Using calculus to solve motion in straight line

(a) A = 6.25 m/sec², derivation below followed by answers to the other parts.

Let s(t) = distance of car from where it was at the point in time when brakes first applied (i.e., t=0 is the moment at which the brakes are applied.) We're setting up the problem so that, by definition, s(0) = 0.

We know s''(t) = -A (negative because the car is slowing down).

Therefore s'(t) = -At + C and s(t) = -At²/2 + Ct +D where C and D are constants of integration. Since s(0) = 0, we know D is equal to 0.

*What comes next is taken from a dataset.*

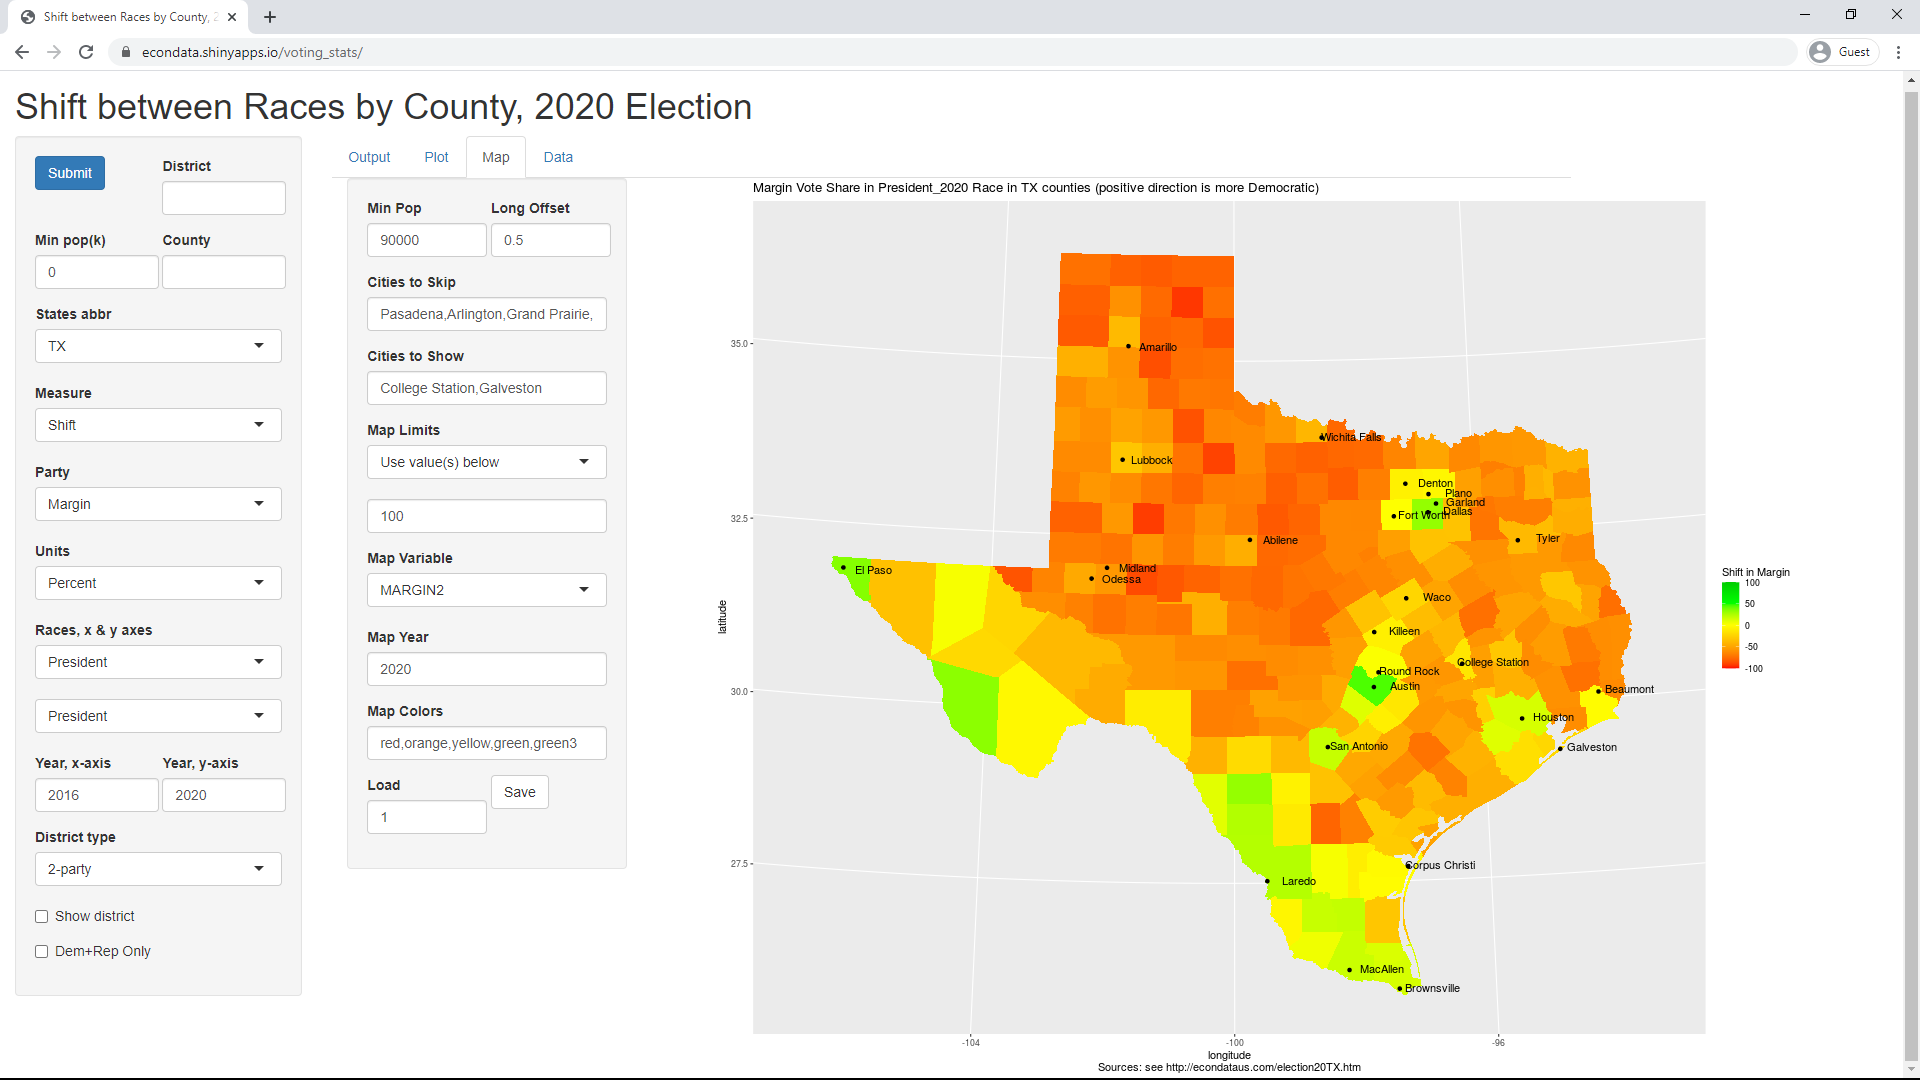 Shift in Vote Share from President_2016 to President_2020 Race in TX counties (Map Margin2)

On the other hand, we're told that s'(0) = 25 m/sec. so 25 = -A*0 + C = 25

At time t = t_STOP, the car has traveled 50 m and its derivative is 0.

0 = s'(t_STOP) = -At_STOP + 25, or t_STOP = 25/A

Therefore 50 = s(t_STOP) = -At²/2 + 25t.

Plug in 25/A for t_STOP to get 50 = (-A/2)*(25/A)² - 25(25/A). Solving (just algebra, no more calculus necessary at this point), 50 = 625/2A and so A = 6.25

(b) In this case t_STOP = 15/6.25 = 2.4 secs (see below for the reasoning).

Therefore the stopping distance s(t_STOP) = -6.25/2 (2.4)² + 15 (2.4) = 18 ft

54 km/hr = 54,000 meters / 3600 seconds = 15 m/sec

In this case we have 0 = s'((t_STOP) = -6.25t_STOP + 15 (here I'm assuming that the deceleration is the same as in part (a), but have inserted 15 m/sec for initial speed).

For (c), the idea is similar.